And collecting N-best translation text junction linguistic data through an ASR system by using original voice information, expanding a linguistic data base corresponding to standard text information of voice, and carrying out data enhancement of the linguistic data base of the fine-tuning ASR error correction model. In one embodiment, the ASR system, in performing an audio-to-text translation, gives a top-N-best (N-best) text candidate for a piece of audio, and the final translation result is the best one of the top-N-best. For example, top-50, but the 50 text messages often contain more translation error corresponding information than top-one, which is a good data enhancement and expansion mode.
And constructing a training corpus for fine tuning the BERT from all the obtained corpus, wherein the fine tuning process can be as follows:
and (3) carrying out text character string alignment on the standard text and the translated text information by using an alignment algorithm based on the Levenshtein distance, obtaining correct, inserting, deleting and replacing marks after alignment, taking the standard text as a template, only keeping correct and replacing mark characters in the translated text, replacing the characters of other marks with corresponding position characters in the standard text, and constructing a training corpus of fine-tuning BERT.
Selecting a BERT model adopting a bidirectional coding Chinese_base version as a pre-training model, adding a layer of full-connection network after the 12 layers are finished to map the output of each token neuron of the BERT model into the dimension size of a BERT word vector, applying layer normalization normalization constraint, mapping the full-connection output of each token position to the vector of the BERT word list size by using an embellishment parameter matrix in the shared BERT pre-training model, carrying out probability normalization by using softmax, calculating the iteration loss of fine-tuning BERT at the effective character position by using a cross entropy loss function, and finally updating model parameters by using Adam as an optimizer and a learning rate attenuation mode.

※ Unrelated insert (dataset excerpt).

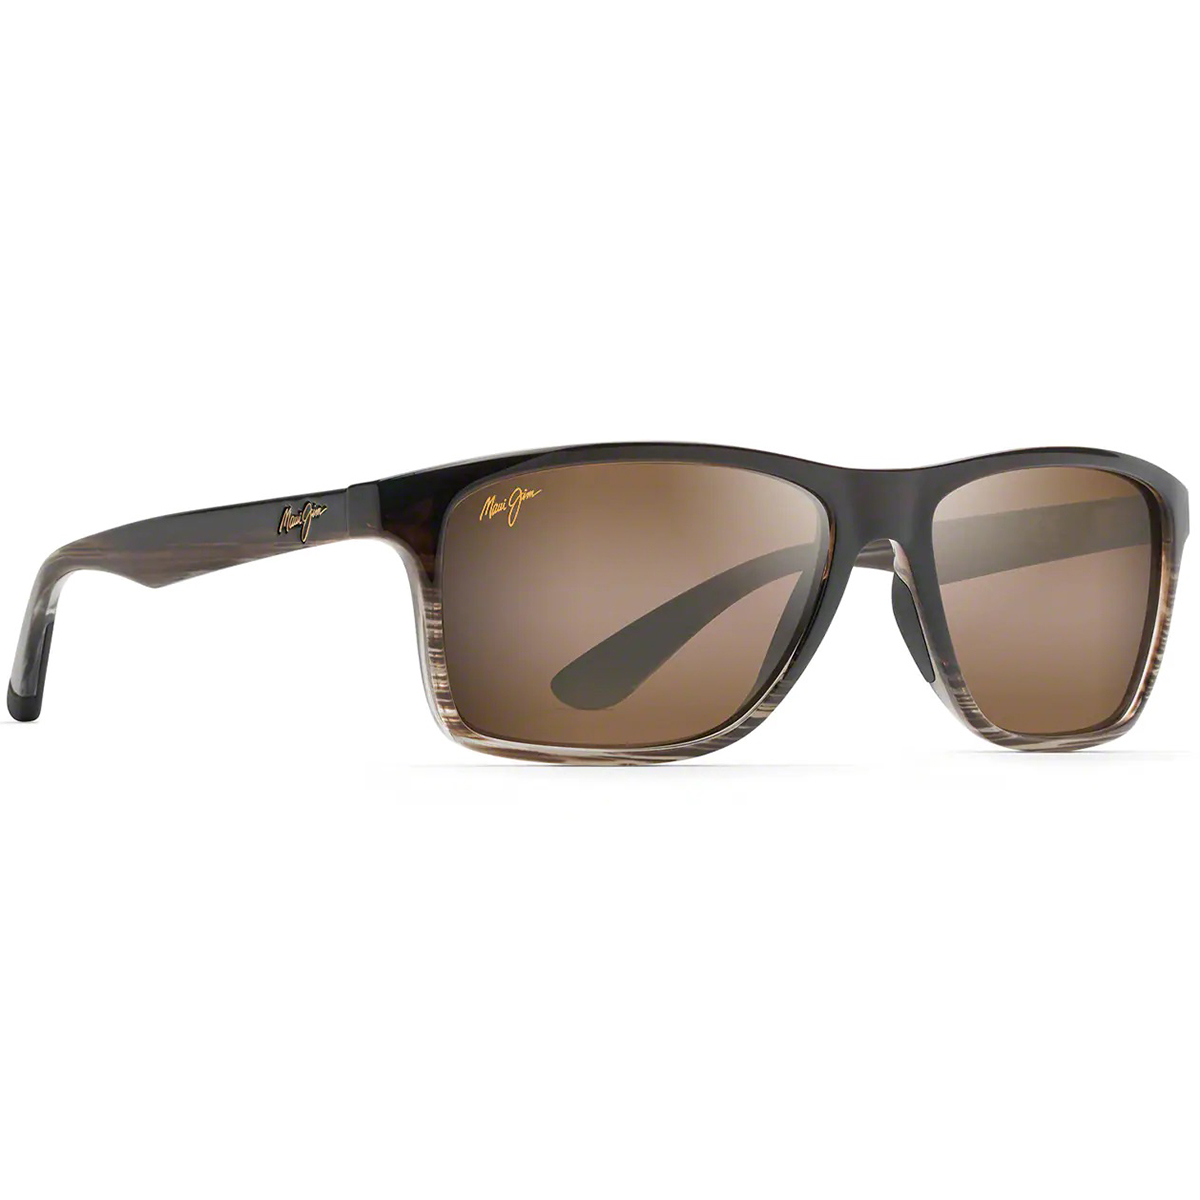 Maui Jim Onshore Polarized Rectangular Sunglasses

Setting the training parameters of the BERT, wherein the training data uses the translated text character sequence constructed by the steps as input and the labeled text character sequence as target.
And storing the trained BERT error correction model.
In one embodiment, as shown in fig. 2, the text error correction method specifically includes:
step 1: an ASR real-time translation text is obtained.
Step 2: and the ASR real-time translation text passes through the BERT sub-field division model, outputs the supervision sub-field to which the text belongs, and marks the supervision sub-label to which the text belongs if the text does not belong normally.
Step 3: and 2, acquiring ASR translation texts containing supervision sub-labels, and constructing reference texts based on fine tuning error correction BERT, namely constructing simple translation texts into input forms of models. And selecting the BERT error correction model finely tuned by using the corpus in the supervision sub-field to correct errors to obtain error correction texts. It should be noted that, for the supervision sub-field, the data distribution is greatly different, different error correction BERTs are to be established, and for the similar, only one usable one with strong correlation such as pornography-heavy, pornography-light, etc. can be established. If the resources are insufficient, one of the supervision fields can be used, and the selection can be performed according to the actual application scene.
Step 4: and (3) dividing the monitoring sub-fields again by using the error correction text after the sub-field error correction, and returning a final error correction result and a monitoring label if the sub-fields do not belong to the normal sub-fields.
According to the method, the translated text is classified through the BERT classification model, after the translated text is classified, error correction is conducted through the corresponding sub-domain BERT error correction model according to different supervision sub-domain texts, the error correction text is obtained, the word accuracy of ASR (automatic repeat request) to the audio translated text in each supervision domain in a live broadcast scene is effectively improved, and the method is rapidly applied to related fields.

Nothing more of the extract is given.